Dr. Hammers was in agreement with Dr. Dena’s treatment plan — the latest TKI drug on the market: Inlyta. From everything I can tell, Inlyta is Sutent under a different name. They should’ve called it Sutlyta. It works the same way, the side effects are very similar and you don’t need an IV line because it comes in a convenient little pill. The funny thing is that Inlyta works a little better than Sutent, but the FDA approved it as a second-line therapy. This means you have to go on Sutent (or another drug) and fail it before you can get Inlyta. Luckily, I’ve failed almost all of the therapies so I had no problem getting a prescription. I started my first dose yesterday.
After meeting with Dr. Hammers we met with Lynn, a nurse from Hopkins’ palliative care division. Dena worked with Alice to arrange it, and I will admit I was reluctant at first. I associated palliative care with Dr. Kevorkian and buckets of morphine. Not that I have anything against morphine, mind you; I’ve become quite a connoisseur of opiates. But I prefer to get my narcotics off the street. Dena, however, was right. Let me repeat this, for Dena’s enjoyment, as she will not hear it often: She was right, and I was wrong. Palliative care is not end-of-life care; it is the art of easing the discomfort of disease symptoms and treatment side effects — regardless of the stage of disease. A good oncology team should always have a palliative care nurse as part of its makeup.
Lynn is now a permanent member of my team. She did not come into the room armed with arsenic, obscene needles, firearms or even aspirin. She came in and discussed my symptoms with me and developed a plan to mitigate them — in the short term and, if I have my way, for years to come. For the cough, I’ll continue with albuterol and benzonatate (Tessalon Perles), only I’ll do so on a regular preventative schedule rather than on an as-needed schedule as I was previously doing. She also added codeine to the mix. Score another opiate, baby. Ocycodone. Percocet. Codeine. My medicine cabinet is a dream heist target for high school kids.
We discussed my appetite, or lack of it. Well, I do get hungry but at odd times. And I don’t eat a ton when I am hungry. Which, evidently, is frowned upon in the world of oncology. Lynn complained about Maryland’s lack of a medical marijuana law. Which is just as well. I’m not sure how it would go over during client lunches. What are you having? The salmon — excellent choice. And you, sir? Oh, I’m sorry, we don’t serve ganja here. Those hookahs are for decoration only. Despite the fact that my medical records from NCI referred to me as “anorexic,” my weight has been pretty steady. I’ve lost maybe twenty pounds over the course of the last three-plus years, but nothing significant of late. The biggest problem has been financial — having to buy a completely new wardrobe. I’ve been trying to bring back the classic Zoot Suit but have so far failed.

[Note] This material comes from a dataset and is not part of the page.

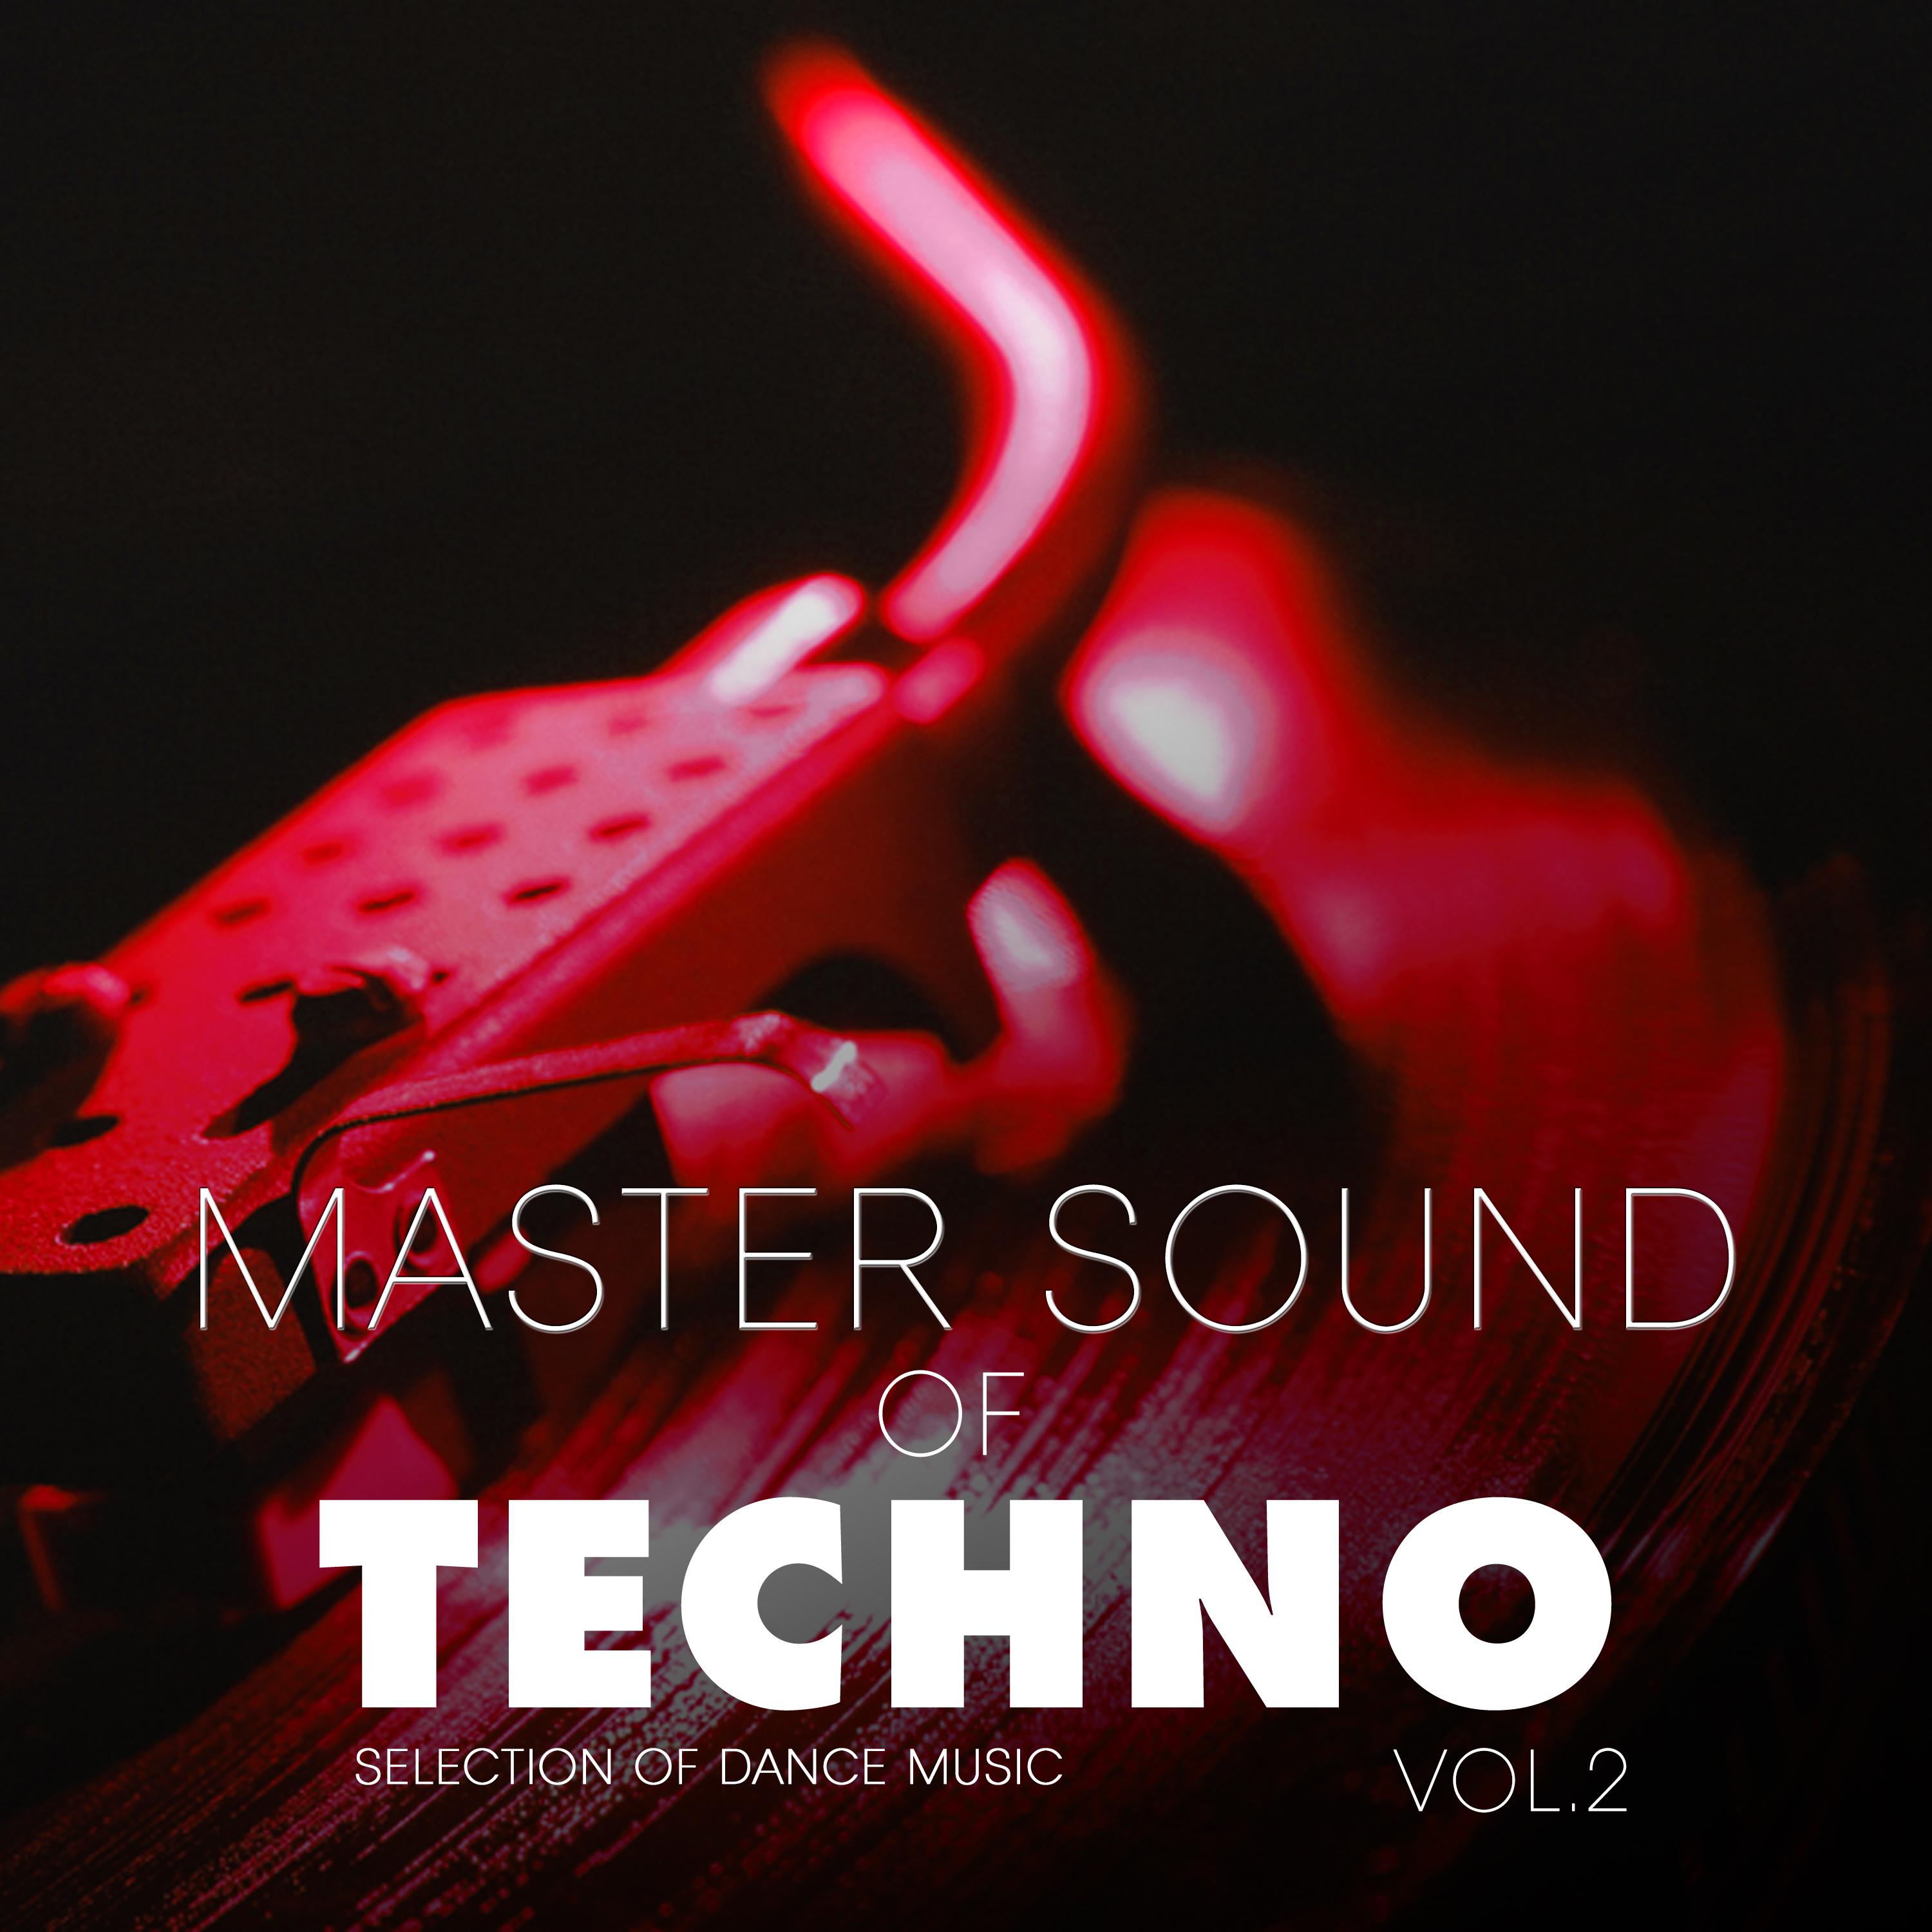 Master Sound of Techno, Vol. 2

So the plan now is pretty simple: Don’t lose any more weight. The prescription is the best part: Eat whatever the hell I want, whenever I want. I can eat cupcakes and ice cream all day, every day? Uh, yes, if necessary. Woo-hoo!
During my next visit, we’ll meet with Lynn to talk about any new side effects from the Inlyta and how to mitigate any side effects from radiation therapy as well.
Which brings me to my last update. To go after the larger mets behind my clavicle and in my left lung, we’ll likely undergo radiation therapy to try to shrink them down to a point where they are causing less trouble. At this point I can’t tell you much about what that will entail, as I’ve never done radiation other than CT scans and TSA security checkpoints. We are trying to schedule a consult with the radiation oncologist now, and I’ll provide more details once I know more.
Until then, I’ll see you at the Stone Cold Creamery.